Roncesvalles to Larrasoaña

I awoke to the noise of the three persons closest to where I was sleeping moving around, their darkened silhouettes just about visible against the less dark background of the dormitory. A glance at my phone indicated it was 04:30. They seemed to be in the process of packing up and putting stuff in their mochilas. I did notice that they were talking amongst themselves at a volume somewhat higher than you’d have thought to be considerate to the needs of the other 170 members of the dormitory, the majority of whom would have considered 04:30 a rather ungodly hour to be commencing proceedings for the day. There’s me trying to figure out some rational explanation for the fact that three people were preparing for such an early start:- so I assumed they were on some sort of military-type manoeuvre, so turned over in the top bunk and probably fell asleep again for an hour or two. Eventually some bright spark (pardon the pun) turned on the main dormitory light…it was around 06:30. Then there was a great mass awakening and a consequent flurry of activity. I really should have joined this merry band and got my ass into gear and at least made an attempt to have had something for breakfast. That would have been really sensible, but no, lounging around in the top bunk just seemed more enjoyable at the time. Should have gone to bed earlier, Terry sir! So I acted as proof of the first part of Newton’s 1st Law of Motion.

At some stage there was the sound of a Gregorian chant emanating from somewhere. Whether this was a genuine performance given we were in an old monastery, or just a recording I never figured out. Eventually I had to succumb to the harsh mathematical fact that if it takes me 30 minutes to get up and dressed, check out the mochila, say hello to Cindy and Pei Pei, then go downstairs to retrieve the walking shoes, add on another 15 minutes in case something didn’t go to plan I had to be out of bed by 07:15 at the very latest…because everybody has to be out of the building by 08:00….irrespective of state of dress at the time and No Exceptions to the rule!!! Then I found out it was raining!!! So after making myself look reasonably presentable I greeted Cindy and Pei Pei. A sad moment because Cindy was no longer going to be with us, it was time for her to begin her journey back to Chicago. Which just gave time for Cindy, the master-organizer, to bequeath to me the responsibility of ‘looking after’ Pei Pei….not that Pei Pei who had recently travelled on the Trans-Siberian railway wasn’t old enough to look after herself, it was just the fact that Cindy and I had noticed yesterday that she had a tendency to keep walking ahead in a straight line, and therefore providing living proof of the second part of Newton’s 1st Law of Motion, sort of oblivious to the fact that the Camino does occasionally go off at an angle, usually indicated by the yellow markers. It was therefore my job to ensure I impressed upon her any forces necessary to stop her walking in a straight line if and when the Camino headed off in a different direction.

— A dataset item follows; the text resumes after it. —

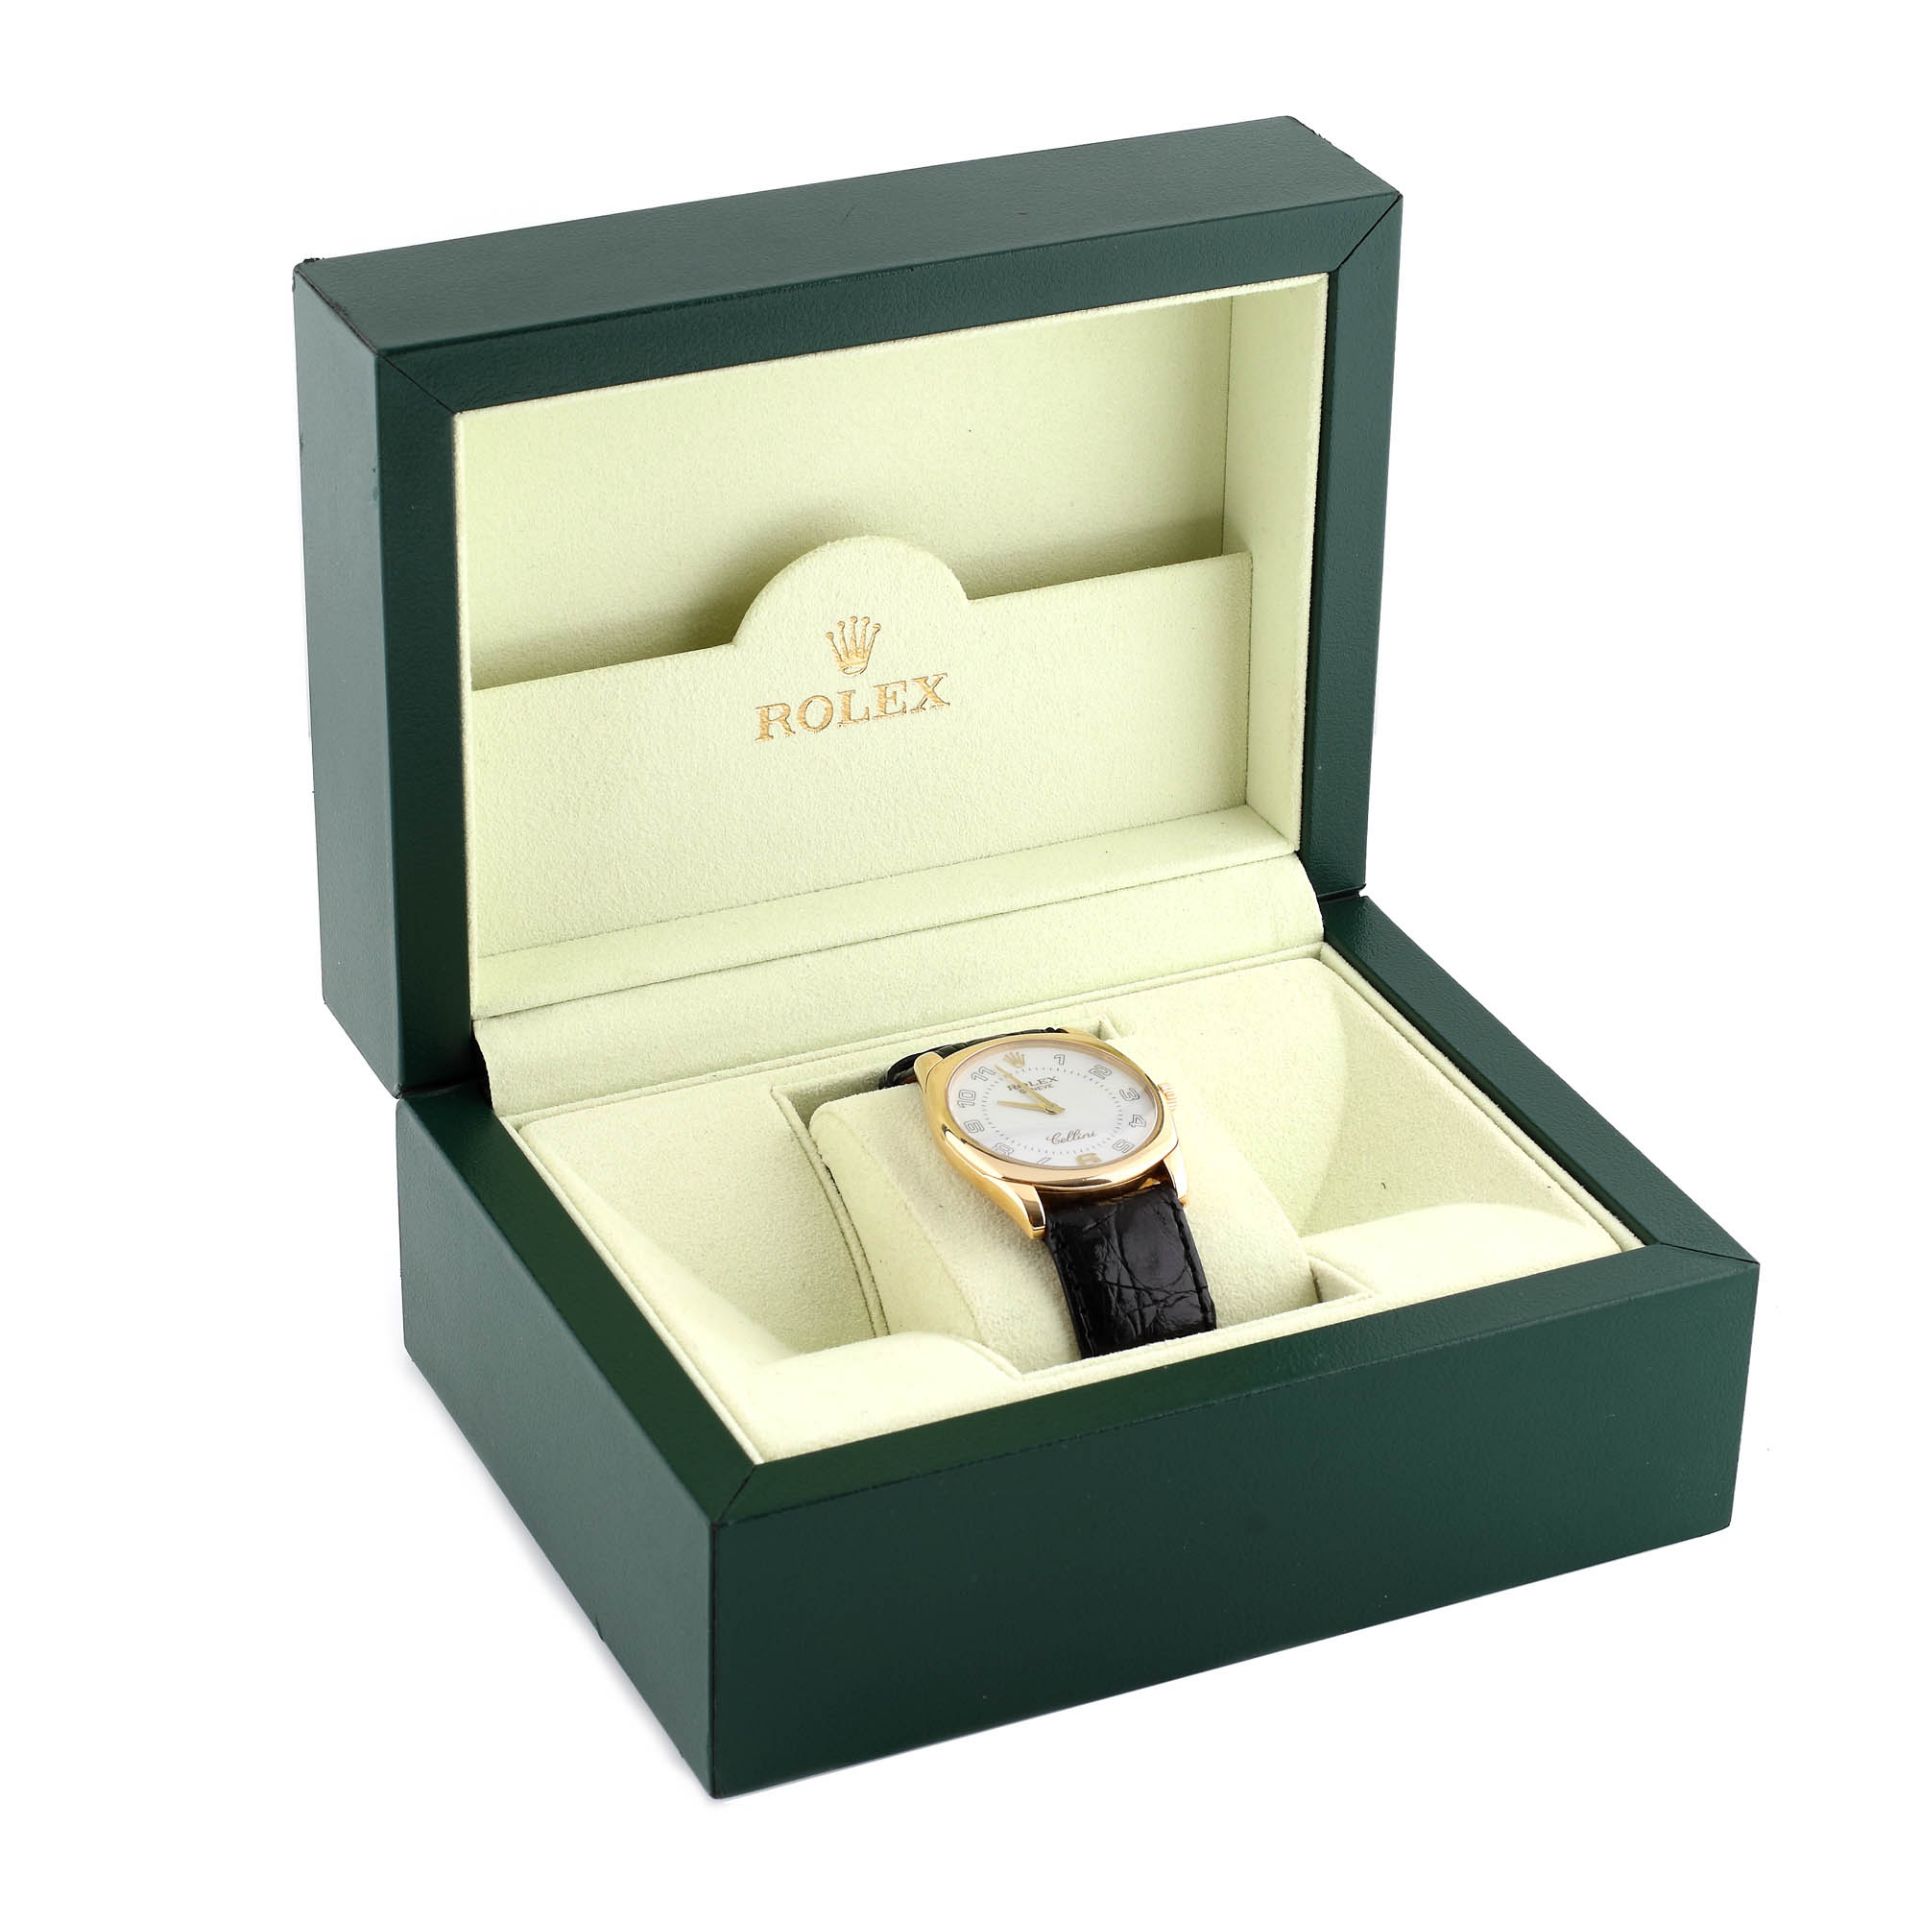 Rolex Cellini Danaous wristwatch, gold, unisex, original boxRolex Cellini Danaous wristwatch, g - Image 2 of 4
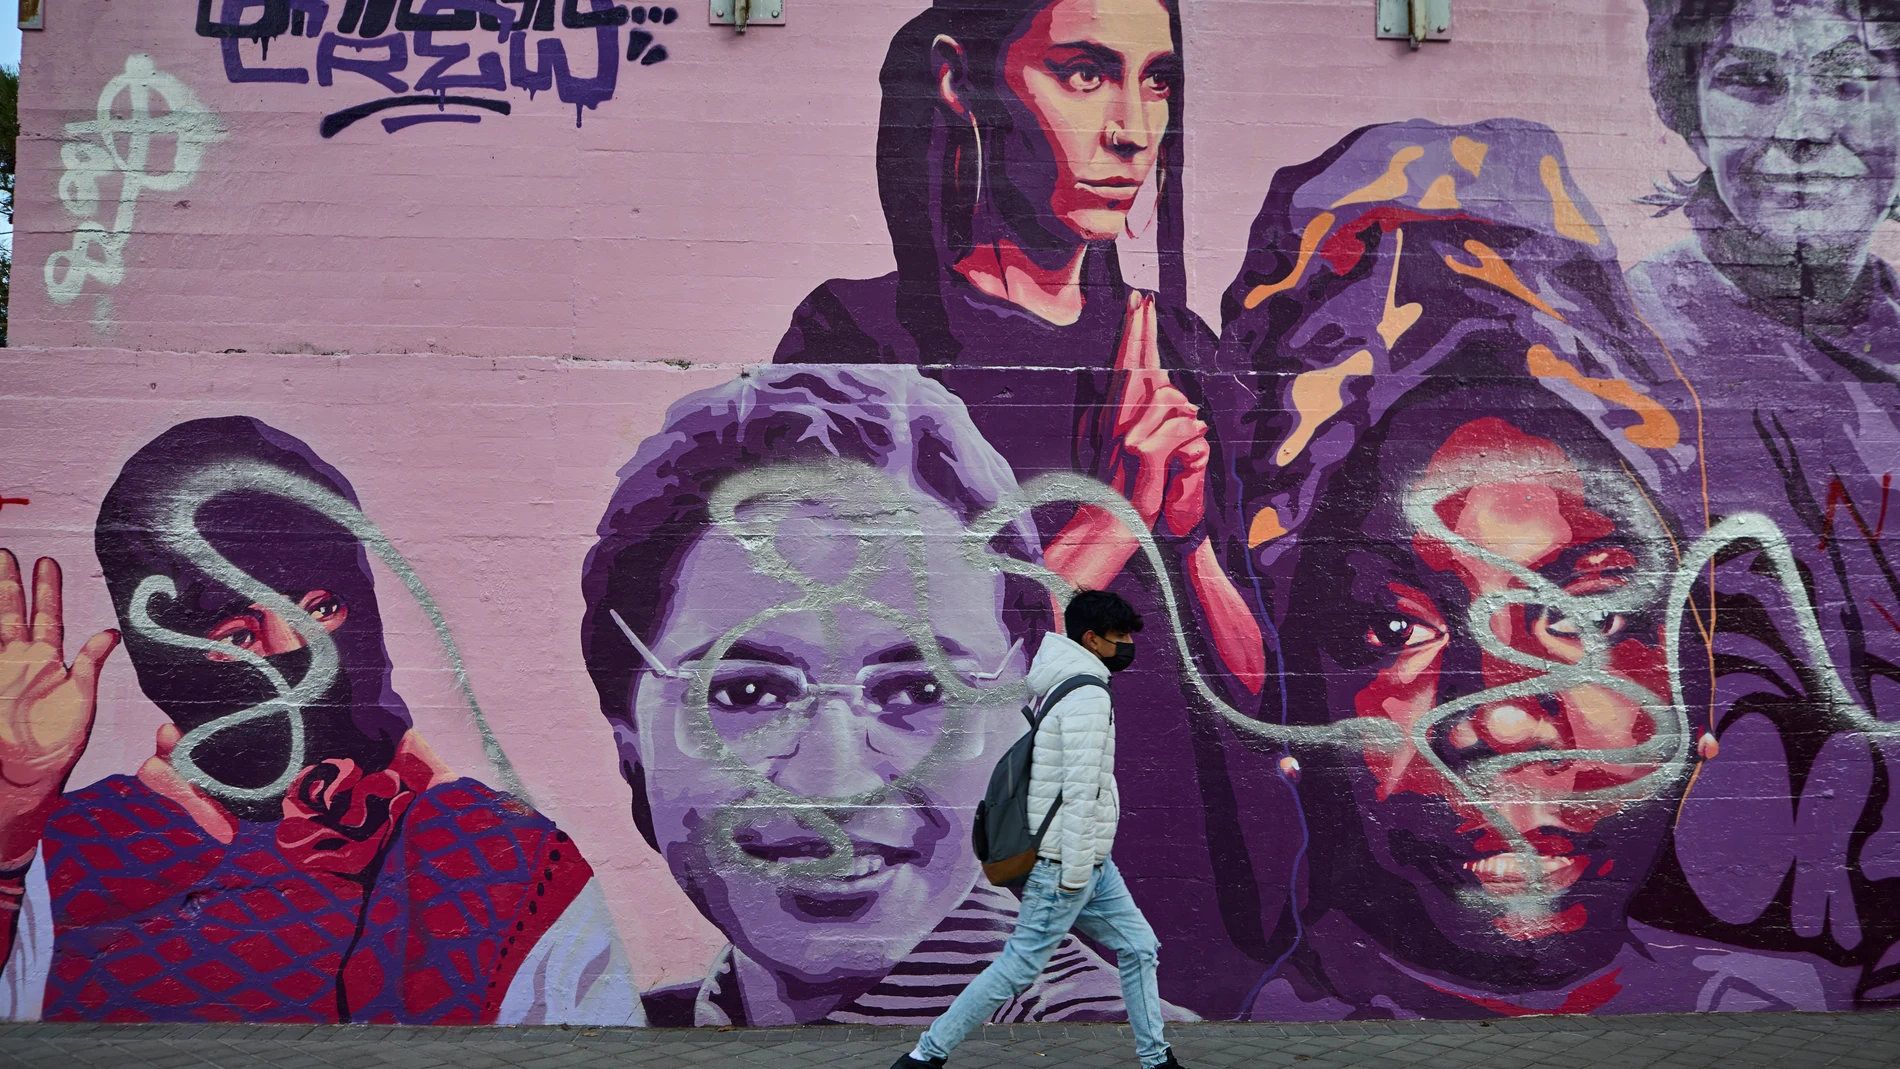 El mural feminista de Ciudad Lineal ha sido vandalizado con pintadas otra vez

Cindy’s final act of generosity was offering a yellow dry bag to anyone that wanted it and that she had used to store her valuable documents. So I took it and in turn also used it to store my valuable documents. Despite one really excellent attempt to lose the thing and the entirety of the documents contained within it on my very last day in Spain, I did otherwise manage to retain it reasonably safe and it did a ‘great job’ as someone in the White House might have said.

So we said our farewells to Cindy, then went downstairs to prepare for our departure. I believe there’s just one main room that acts as a repository for the walking shoes/boots which unfortunately meant that the area immediately adjacent to it resembled a city centre metro station…people all over the place and quite chaotic. My shoes had survived their overnighting without being stolen/taken by mistake….which is why I chose them to be quite a bright green colour……something which I’d have never chosen to wear ordinarily, such is my vanity.

I was however quite astonished to see the three persons that had been packing their mochilas at 04:30 still inside the building and it was nearing 08:00. So much for the military maneouvres that I had imagined they were up so early for. Quite why it took them three and a half hours to get to this stage I really do not know. Little did I know at the time that this was to be my first encounter with what came to be known as the ‘Korean phenomenon’. Because it was quite definitely raining it meant having to put on the gaiters. How I wish I’d have reminded myself how to put these things on whilst I was still back in England. But no! One went on ok, but the other was all over the place and I think I was still having to rearrange it outside in the rain, as the little hand of the clock was now pointing at the number 8 and the big hand was pointing at the number 12. In the rain and the associated gloom the whole place looked even more austere than it had the night before and I must admit, sadly, that I wasn’t sorry to be leaving it behind.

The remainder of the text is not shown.